Divide using synthetic division $$ ( x^{4}+11x^{2}+29x-7 ) \div ( x+5 ) $$
Answer
The synthetic division table is:
$$ \begin{array}{c|rrrrr}-5&1&0&11&29&-7\\& & -5& 25& -180& \color{black}{755} \\ \hline &\color{blue}{1}&\color{blue}{-5}&\color{blue}{36}&\color{blue}{-151}&\color{orangered}{748} \end{array} $$The solution is:
$$ \frac{ x^{4}+11x^{2}+29x-7 }{ x+5 } = \color{blue}{x^{3}-5x^{2}+36x-151} ~+~ \frac{ \color{red}{ 748 } }{ x+5 } $$Explanation
Step 1 : Write down the coefficients of the dividend into division table. Put the zero from $ x + 5 = 0 $ ( $ x = \color{blue}{ -5 } $ ) at the left.
$$ \begin{array}{c|rrrrr}\color{blue}{-5}&1&0&11&29&-7\\& & & & & \\ \hline &&&&& \end{array} $$Step 1 : Bring down the leading coefficient to the bottom row.
$$ \begin{array}{c|rrrrr}-5&\color{orangered}{ 1 }&0&11&29&-7\\& & & & & \\ \hline &\color{orangered}{1}&&&& \end{array} $$Step 2 : Multiply by the number on the left, and carry the result into the next column: $ \color{blue}{ -5 } \cdot \color{blue}{ 1 } = \color{blue}{ -5 } $.

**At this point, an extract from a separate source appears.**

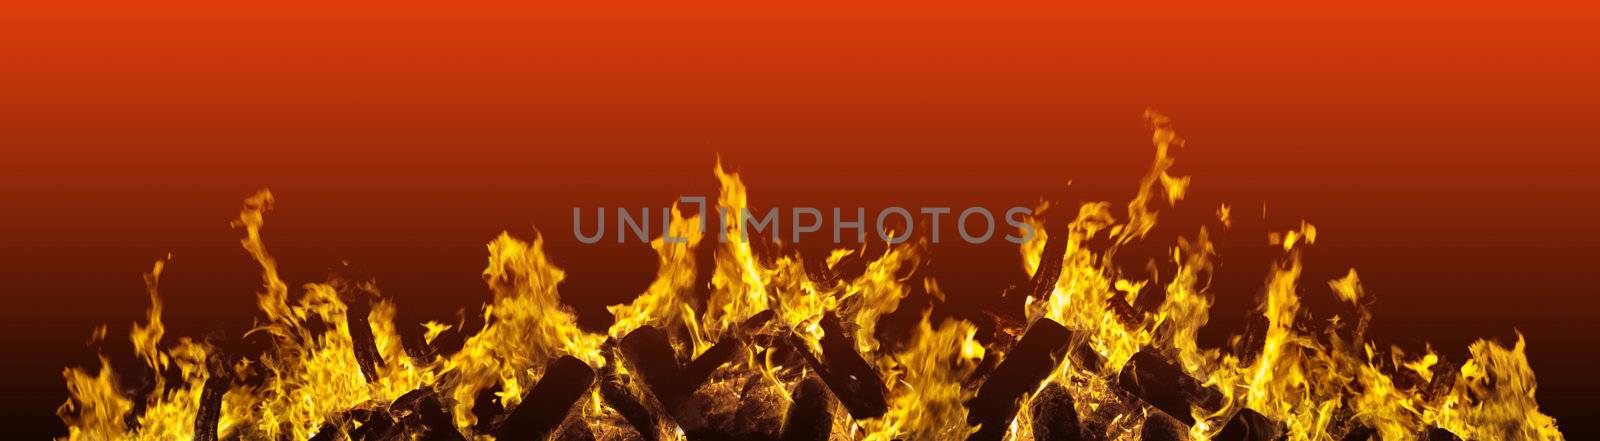  blazing flames fire border with fiery red background abstract arrangement

$$ \begin{array}{c|rrrrr}\color{blue}{-5}&1&0&11&29&-7\\& & \color{blue}{-5} & & & \\ \hline &\color{blue}{1}&&&& \end{array} $$Step 3 : Add down last column: $ \color{orangered}{ 0 } + \color{orangered}{ \left( -5 \right) } = \color{orangered}{ -5 } $
$$ \begin{array}{c|rrrrr}-5&1&\color{orangered}{ 0 }&11&29&-7\\& & \color{orangered}{-5} & & & \\ \hline &1&\color{orangered}{-5}&&& \end{array} $$Step 4 : Multiply by the number on the left, and carry the result into the next column: $ \color{blue}{ -5 } \cdot \color{blue}{ \left( -5 \right) } = \color{blue}{ 25 } $.

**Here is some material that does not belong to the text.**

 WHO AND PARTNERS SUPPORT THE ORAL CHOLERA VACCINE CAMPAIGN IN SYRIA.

$$ \begin{array}{c|rrrrr}\color{blue}{-5}&1&0&11&29&-7\\& & -5& \color{blue}{25} & & \\ \hline &1&\color{blue}{-5}&&& \end{array} $$Step 5 : Add down last column: $ \color{orangered}{ 11 } + \color{orangered}{ 25 } = \color{orangered}{ 36 } $
$$ \begin{array}{c|rrrrr}-5&1&0&\color{orangered}{ 11 }&29&-7\\& & -5& \color{orangered}{25} & & \\ \hline &1&-5&\color{orangered}{36}&& \end{array} $$Step 6 : Multiply by the number on the left, and carry the result into the next column: $ \color{blue}{ -5 } \cdot \color{blue}{ 36 } = \color{blue}{ -180 } $.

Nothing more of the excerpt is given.